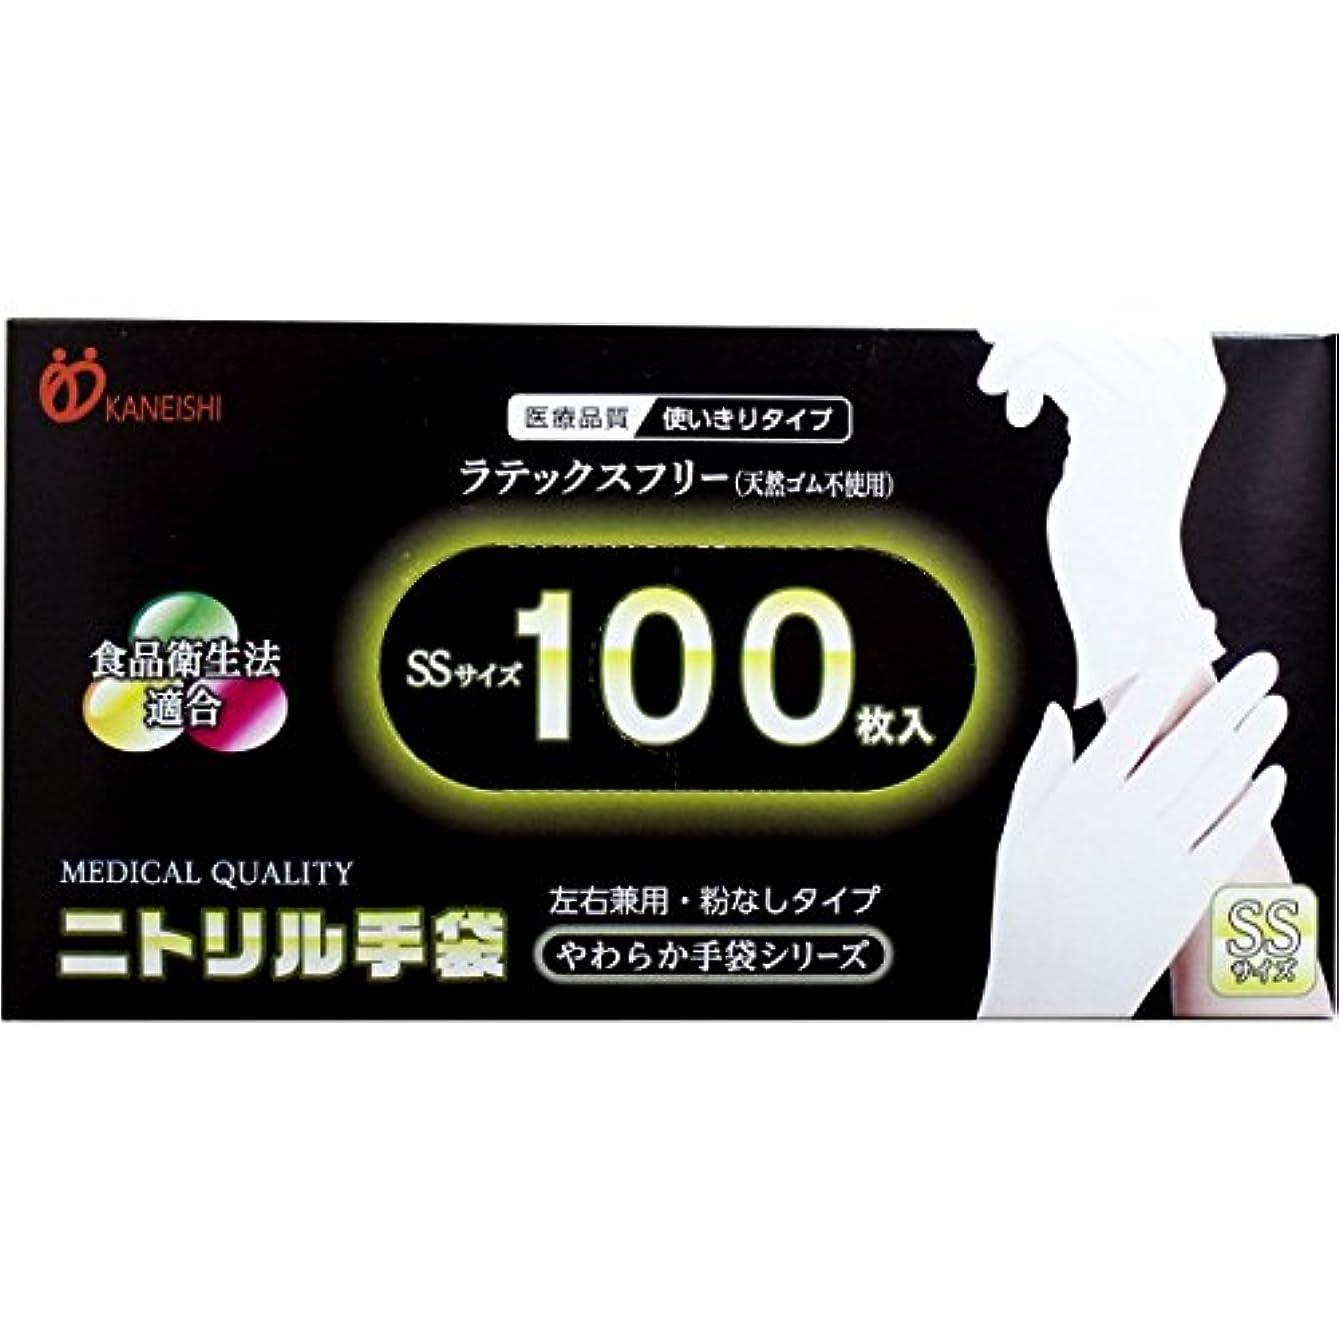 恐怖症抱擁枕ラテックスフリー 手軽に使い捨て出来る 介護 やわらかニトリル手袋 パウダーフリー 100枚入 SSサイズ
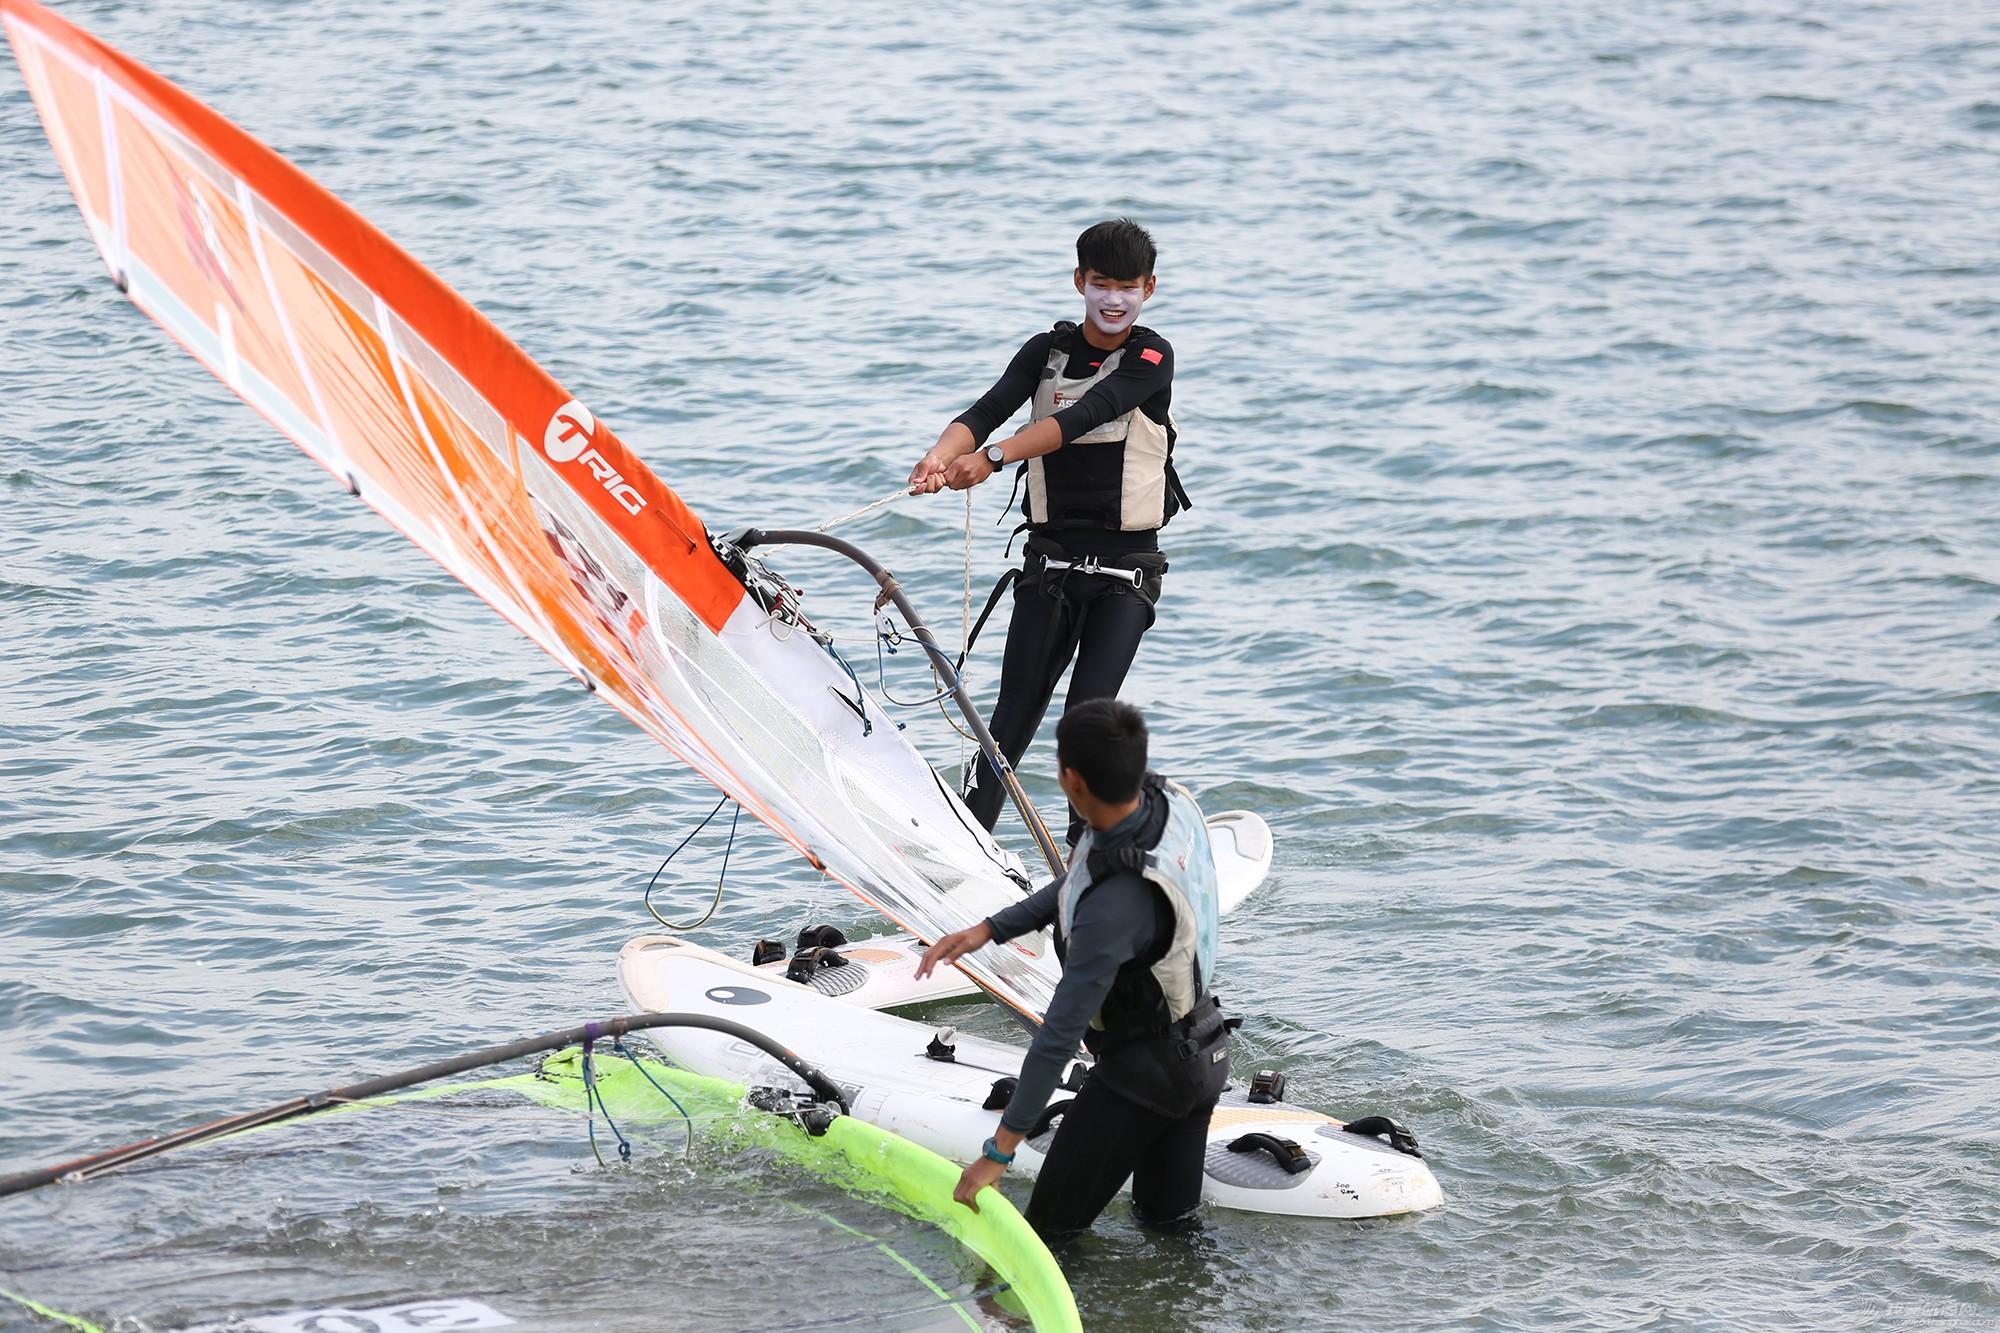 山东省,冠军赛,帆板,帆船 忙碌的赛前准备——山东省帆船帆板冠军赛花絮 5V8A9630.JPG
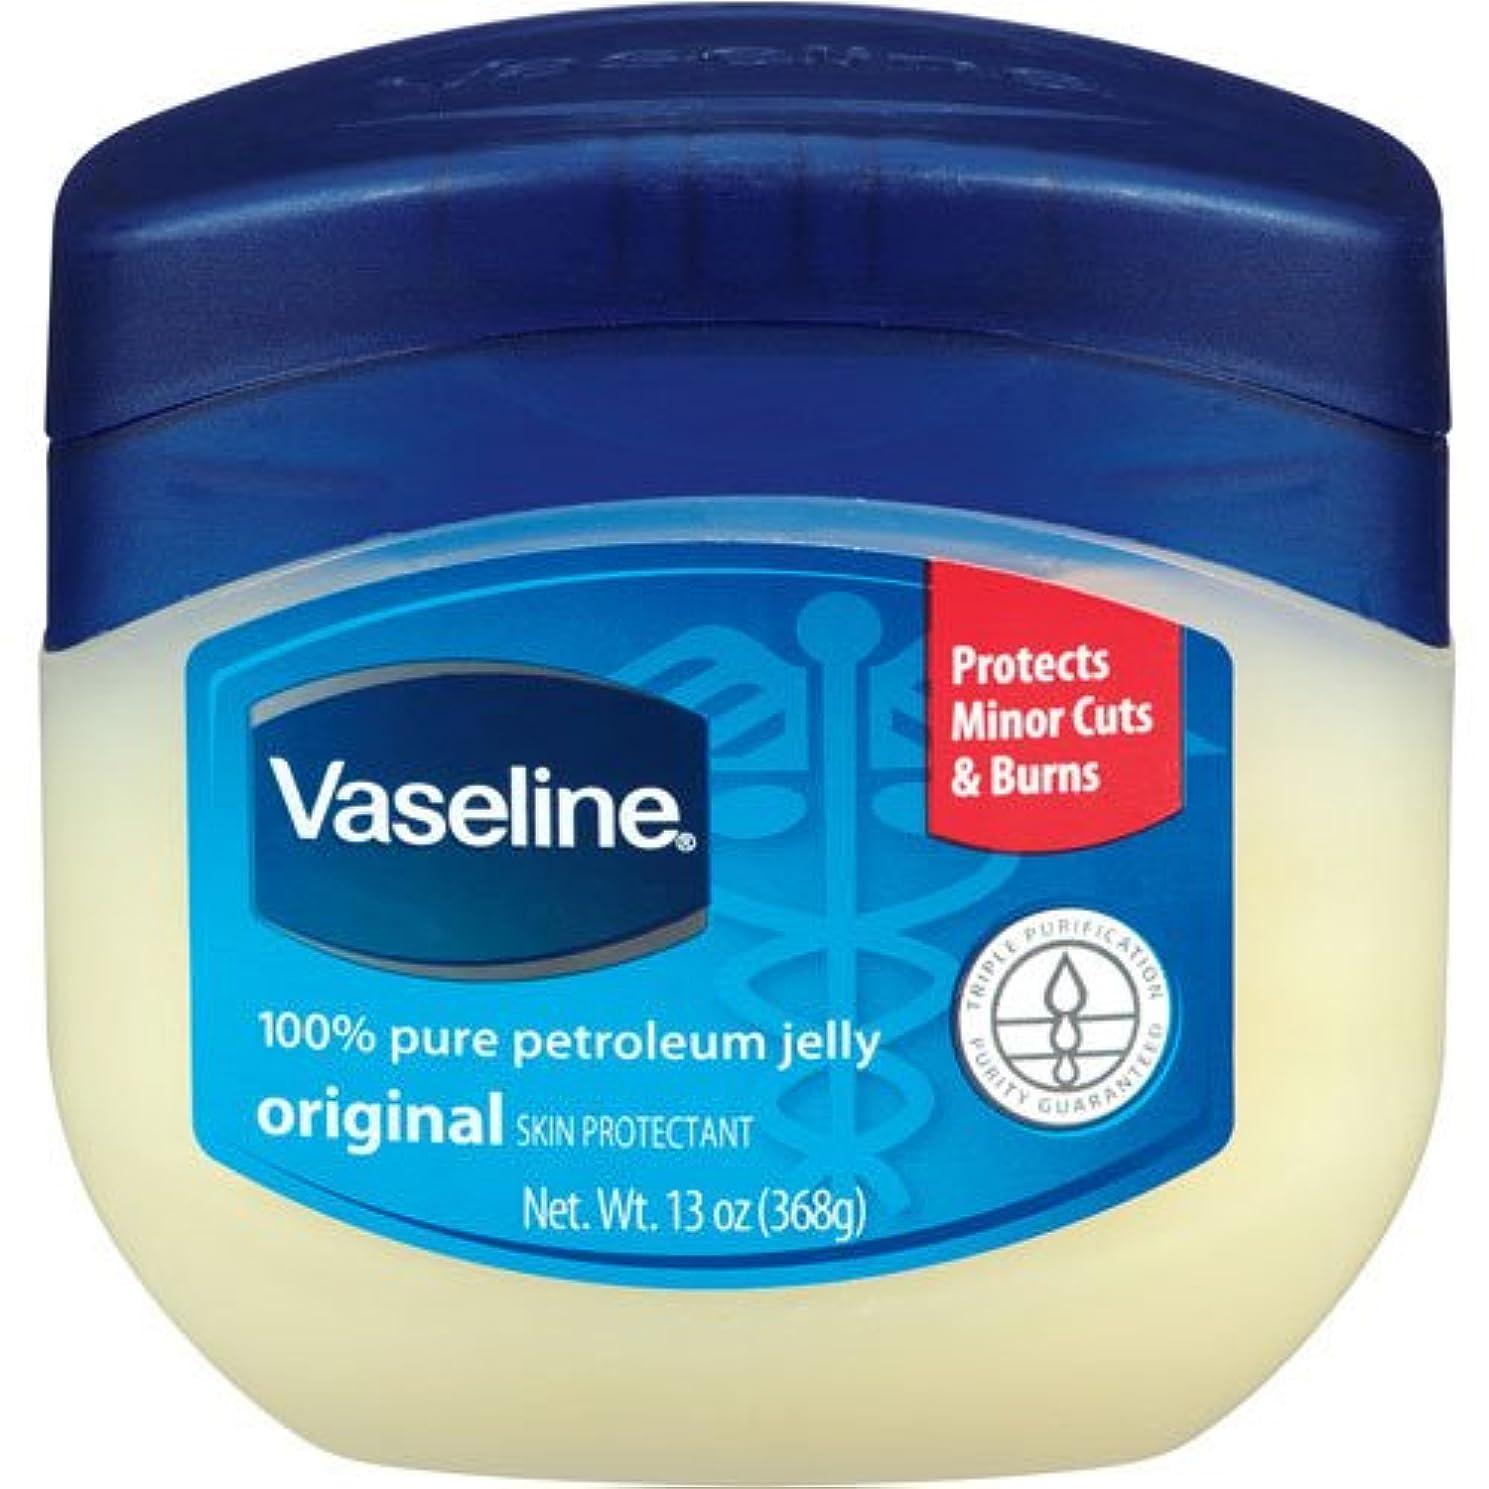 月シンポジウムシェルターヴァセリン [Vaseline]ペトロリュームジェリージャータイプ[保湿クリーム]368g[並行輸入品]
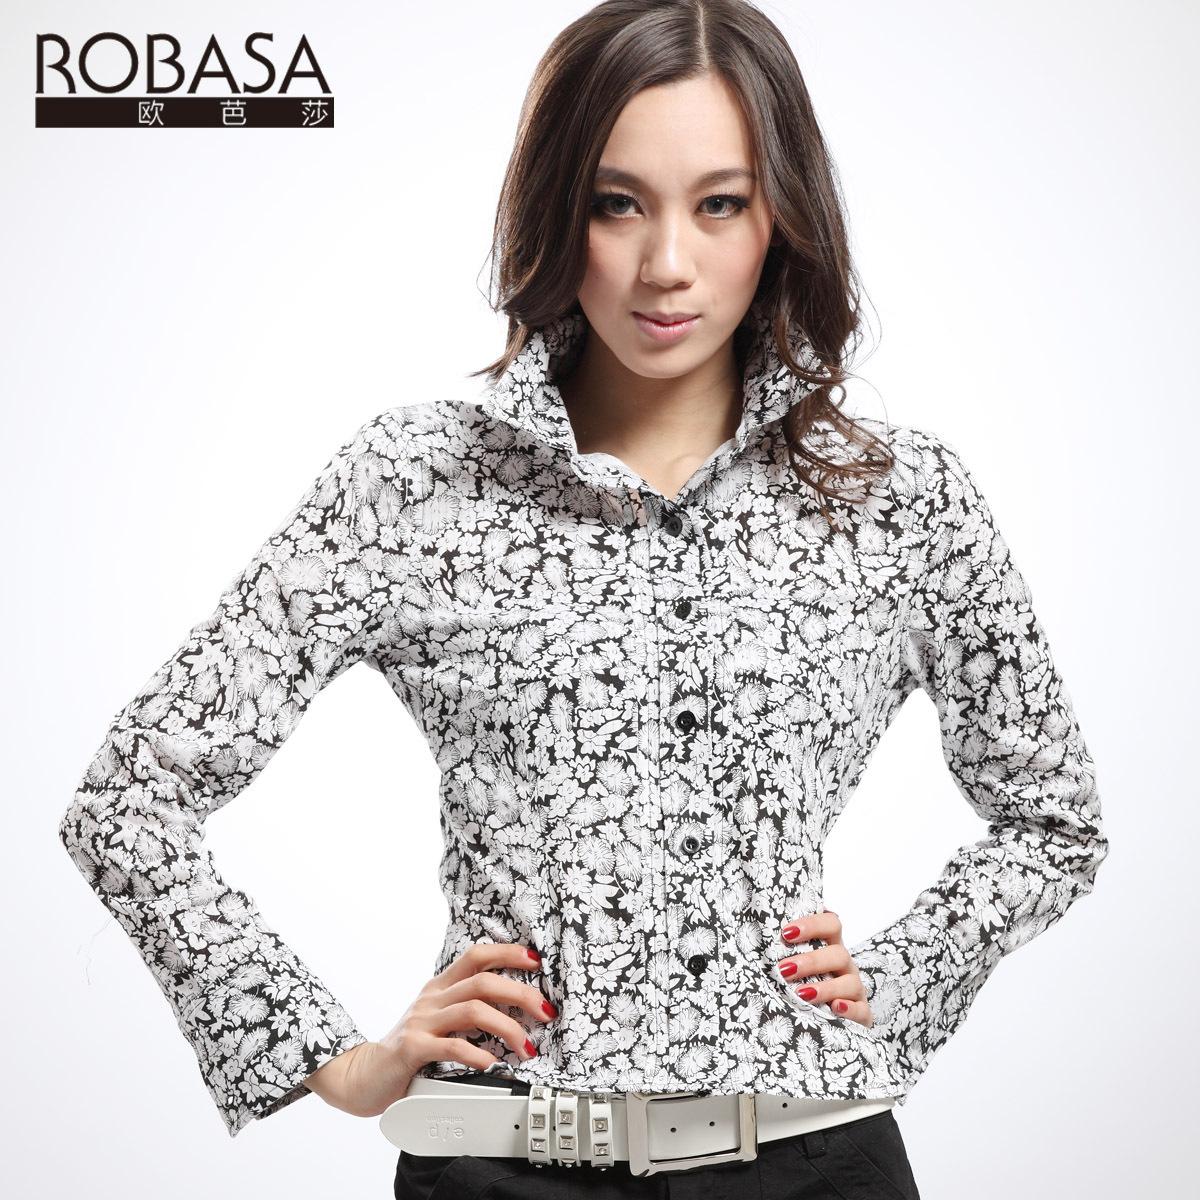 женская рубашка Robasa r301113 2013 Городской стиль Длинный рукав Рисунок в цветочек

WORK TO BE COMPLETED - Make an exact copy of the listing. Leave its pictures out.

WRITTEN RESPONSE -
 恐怖症抱擁枕ラテックスフリー 手軽に使い捨て出来る 介護 やわらかニトリル手袋 パウダーフリー 100枚入 SSサイズ
 山东省,冠军赛,帆板,帆船 忙碌的赛前准备——山东省帆船帆板冠军赛花絮 5V8A9630.JPG
 月シンポジウムシェルターヴァセリン [Vaseline]ペトロリュームジェリージャータイプ[保湿クリーム]368g[並行輸入品]
 женская рубашка Robasa r301113 2013 Городской стиль Длинный рукав Рисунок в цветочек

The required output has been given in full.